[net.micro] PCs for Mainland China

evans@mhuxt.UUCP (crandall) (03/28/86)

Does anyone have experience with PCs in China? A friend of mine is a
Physics professor there and is looking to upgrade from his 4 yr old Apple 2.
I would have no trouble giving advice to someone in his position in this
country, but we are very spoiled here. Basically he needs something with a
Fortran compiler (when his University finally got a "mainframe" a couple of
grad students wrote a Basic compiler for it to run the various pieces of code
that had been written for the Apple 2!) and relability. The Apple has been
very good having 0 problems (they run it from truck batteries and an inverter).
He told me of a horror story about a friend who bought a PC in this country
last year, only to have it die in China. Getting it to the closest repair
depot has proven to have been impossible.

thanks for any info!

Steve Crandall

ihnp4!mhuxt!evans

csr@druxw.UUCP (RoushCS) (03/29/86)

I am posting a follow-up because I thought others might be interested.
> 
> Does anyone have experience with PCs in China? A friend of mine is a
> Physics professor there and is looking to upgrade from his 4 yr old Apple 2.
> I would have no trouble giving advice to someone in his position in this
> country, but we are very spoiled here. Basically he needs something with a
> Fortran compiler (when his University finally got a "mainframe" a couple of
> grad students wrote a Basic compiler for it to run the various pieces of code
> that had been written for the Apple 2!) and relability. The Apple has been
> very good having 0 problems (they run it from truck batteries and an inverter).
> He told me of a horror story about a friend who bought a PC in this country
> last year, only to have it die in China.
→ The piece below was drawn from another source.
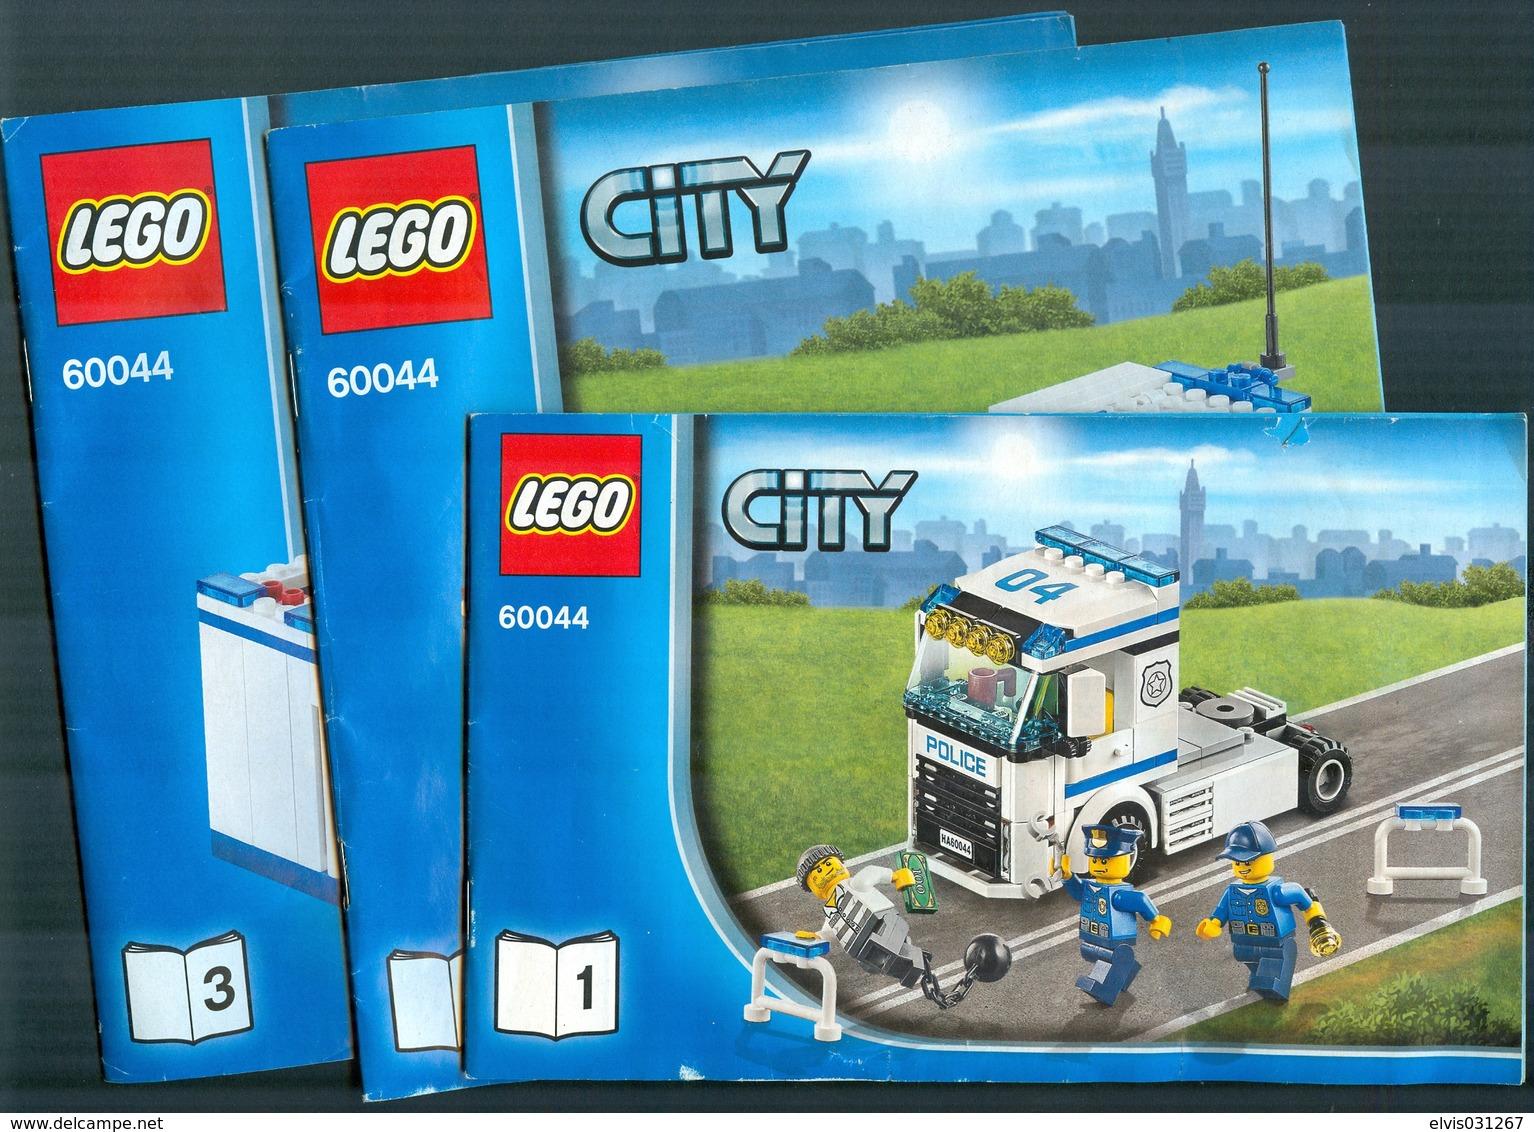 LEGO - 60044 INSTRUCTION MANUAL 3 PARTS - Original Lego 2014 - Catalogs

Getting it to the closest repair
> depot has proven to have been impossible.
> 
> Steve Crandall
> ihnp4!mhuxt!evans

I am fuzzy about what you are asking, but I won't let my confusion stop
me from answering.  My experience: 3 weeks last year in China on an
"Office Automation" tour.

My questions:
- What is this man's background?  What operating systems, editors, ... does
  he know.  What is he capable/willing to learn?
- Where does he expect to buy the computer?  In China?
- How much money does he have available?  Internal or external currency?
- What is wrong with the Apple?  What does he really need/want in the
  way of hardware (processor, main memory, hard disk, floppy, .......)
  and software?
- What does he need in the way of Chinese character processing?  Or will
  he do everything in "English".

My answers:
- People with "hard" money (foreign exchange or actual $s) can buy IBM PCs
  or Olvetti M24s (6300s) or maybe even bootleg 3B2s (AT&T international
  was unhappy about that).  (IBM PC costs ~ $10,000-20,000 !!!)
- Software is harder to get.  There are Chinese-character versions of
  MS-DOS & DBASE II (unauthorized, I believe) available all over,
  but not much else.  (No copyright law in China, so don't give them
  anything you don't want copied!)
- Maintenance is something else!  Obviously there are very bright people
  in China, but there is no high-tech infrastructure.  They can maintain
  1 computer (maybe), but not hundreds.  They do not seem to operate 
  computers day-in and day-out.  One shift only, and even then machines sit
  idle (or in HALT state).  No preventative maintenance.  No maintenance
  of any kind.  It is common to see dusty computer rooms & I was told that
  filters on disk drives were not cleaned.  (Beijing is very dusty)!
- I would suggest a quality machine (AT&T/Olvetti or IBM) and good
  "cleanliness" practices.
p.s.  We heard that lots of the PCs they already had were unused.  Remember,
   they can't use our word processing packages.
p.p.s  The common media for data communication are the floppy disk and the
   bicycle..... First copy onto floppy, then give to messenger - who
   bikes across town.  They couldn't even concieve of using the phone system
   for moving data.  When I tried to make a phone call I found out why.

steve roush
AT&T Information Systems - Denver
druhi!csr  or  druxw!csr
303-538-4860

jrc@ritcv.UUCP (James R. Carbin) (03/31/86)

<munch munch munch>

In article <1487@mhuxt.UUCP> evans@mhuxt.UUCP (crandall) writes:
>
> Does anyone have experience with PCs in China?.....

I wish that I could include a definite reference, but it slips my
mind, however within the past two or three months, I read where the
P.R.C. is either planning or starting the production of an IBM PC
clone under the name "Great Wall Computers."  (The Chinese seem to
have a great interest in using historical or geographical references
when selecting product names.  When I was there three years ago, I
purchased a "Long March" brand suitcase.